Capítulo Oitenta e Um: Bolinhos ao Vapor Pisando no Leite
Três lhamas, com suas cabeças recém-tosadas, caminhavam lado a lado; sob o aspecto adorável e ingênuo, exibiam um temperamento dócil e tranquilo. No dorso desses animais, três crianças pequenas, radiantes de entusiasmo, sentavam-se maravilhadas, achando aquilo muito mais emocionante do que qualquer carrossel. Quando Wang Meng desceu as escadas, ficou boquiaberta diante da cena. A aparição dos animais já era surpreendente, mas o fato de seus três filhos estarem montados, brincando e rindo, deixando transparecer tanta felicidade, era ainda mais impressionante. Ela piscou várias vezes, incrédula, e exclamou: “Haoshi, você realmente está criando tantas lhamas mágicas? Deve estar brincando comigo!”
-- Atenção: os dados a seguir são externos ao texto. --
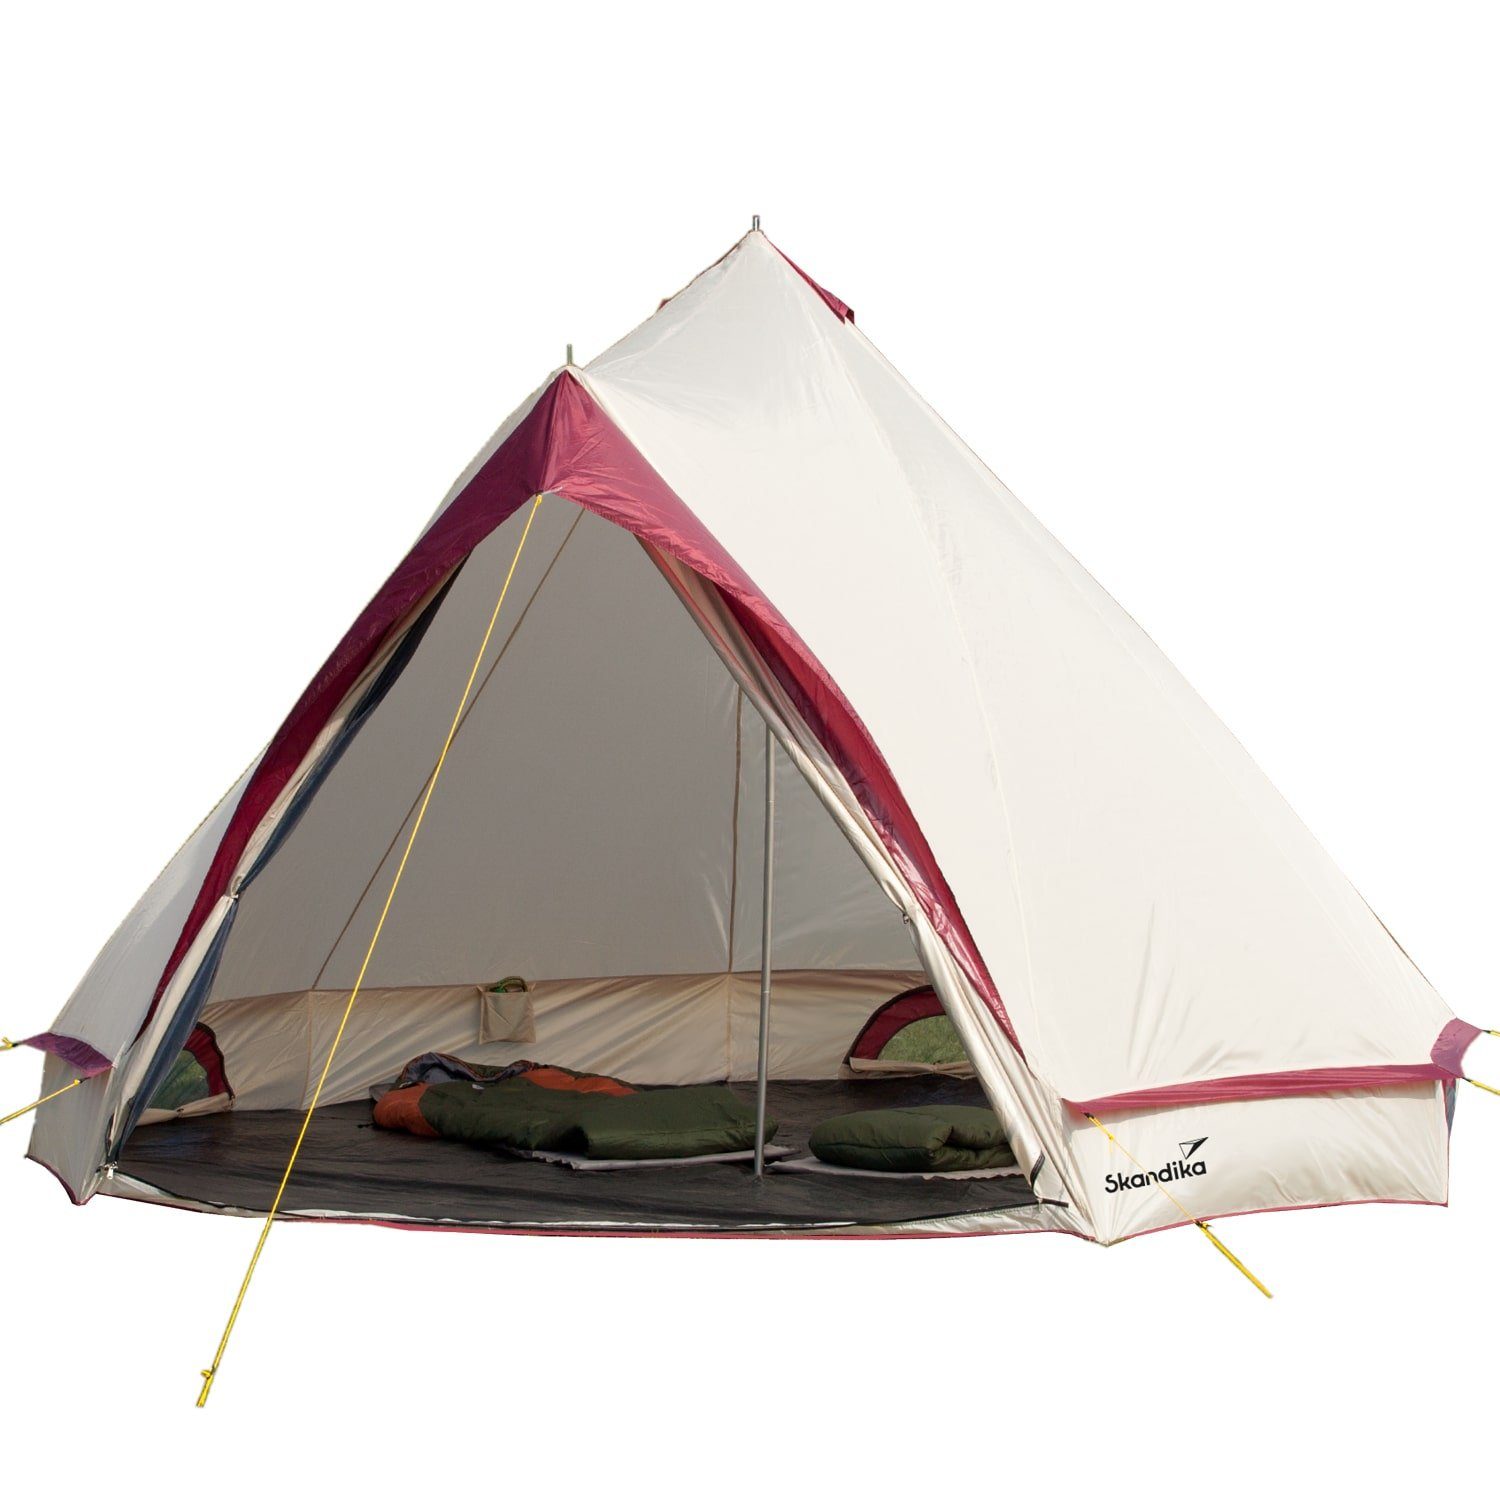 Skandika Tipi-Zelt Comanche 400 Protect Campingzelt, Personen: 8, eingenähter Zeltboden, mit/ohne Reißverschluss-System, 2,5 Stehhöhe

Enquanto instruía as lhamas a avançarem, Wang Hao também se preocupava com as três crianças, temendo que pudessem cair dos animais. Ao ouvir Wang Meng, não teve tempo de levantar a cabeça, apenas respondeu: “Essas lhamas foram deixadas pelo antigo proprietário do pasto. A lã delas é valiosa, além de serem muito fofas. Como o pasto é tão grande, aproveito para criar e ocupar o espaço.”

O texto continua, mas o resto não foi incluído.